Dem pulled his foot off of the accelerator. Slowing down served two purposes. It would make the Heggies think they were stopping—comrades ready to help them fix their truck or pick them up—and it made it possible for the reccers to get their weapons ready for action. It would have been impossible for the reccers to do any good at full speed. Even if they had been able to bring their rifles to firing positions, they would have been unable to hit anything smaller than the sky or the planet.

Even slowing down, Dem had to keep both hands on the wheel. There would be no drive and shoot for him, though he considered it.

"Watch it," he whispered into his radio. He was watching for the moment of recognition, when the Heggies realized that it wasn't help arriving but grief, when they noticed that the helmets and camouflage were wrong.

At fifty meters, the Heggies still seemed to think that the truck was carrying men from their own army.

"They must be wondering why we don't answer their calls by now," Dem muttered.
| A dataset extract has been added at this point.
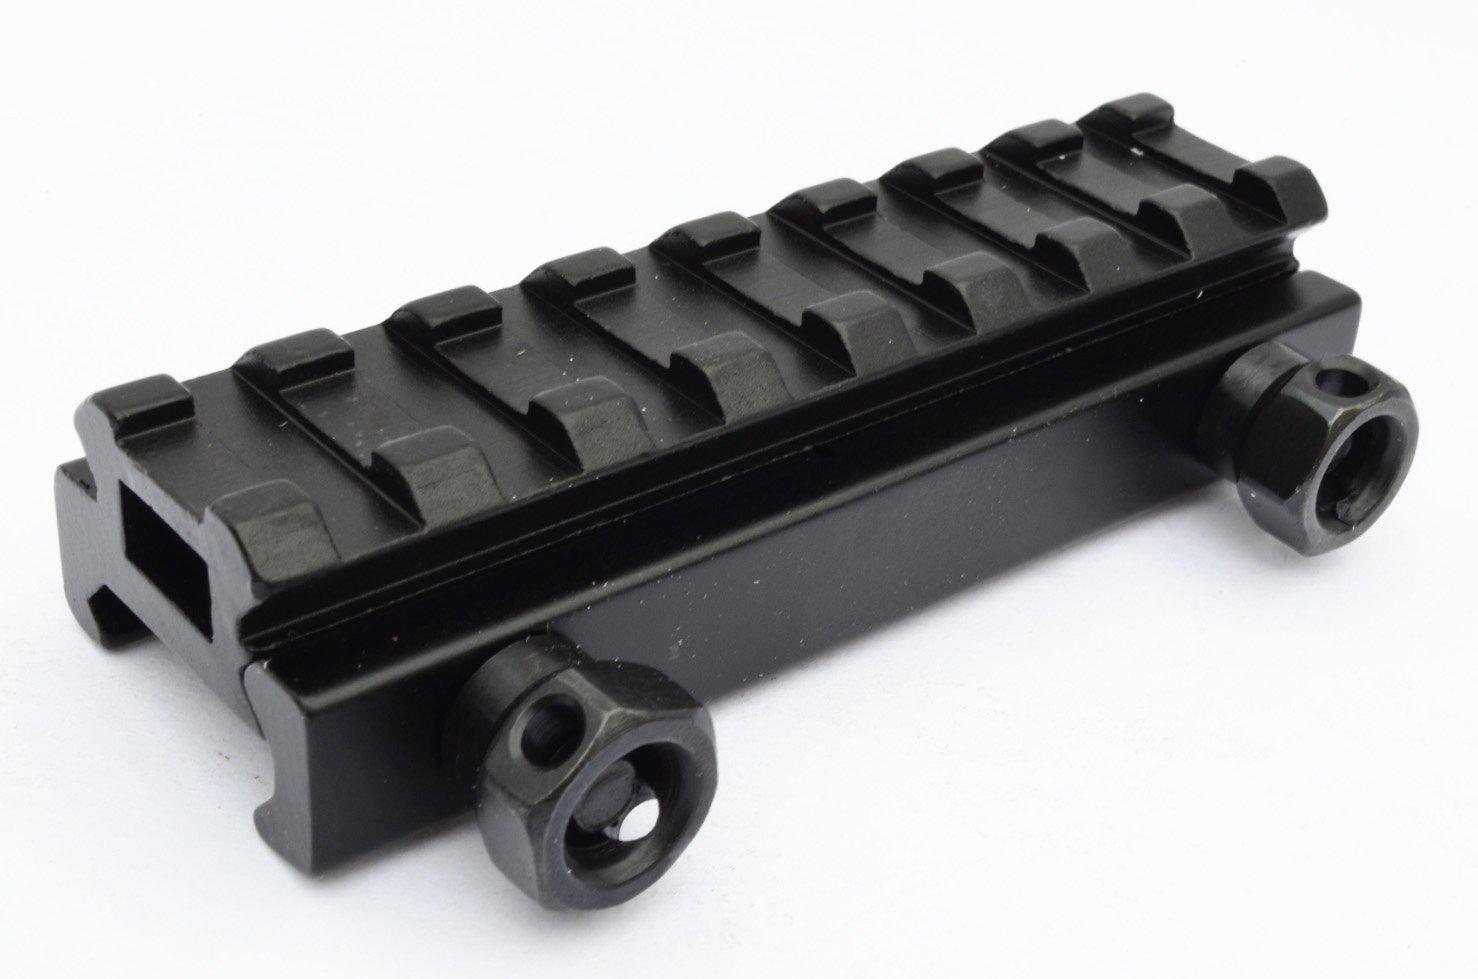 AcidTactical Picatinny Riser Flat Top Soporte para mira, 1/2Pulgadas (1,27 cm) Acid Tactical

Without a Heggie helmet handy, he couldn't know, but he suspected that they would be trying as many different channels as possible to explain their problem and what they needed.

"Get ready," Dem said, a little louder. Forty meters. He had the truck's speed down to 25 kph. His foot was back on the pedal, holding that speed, ready to increase it at need. If any of those Heggies had a rocket launcher handy, it wouldn't take long for him to get it into position.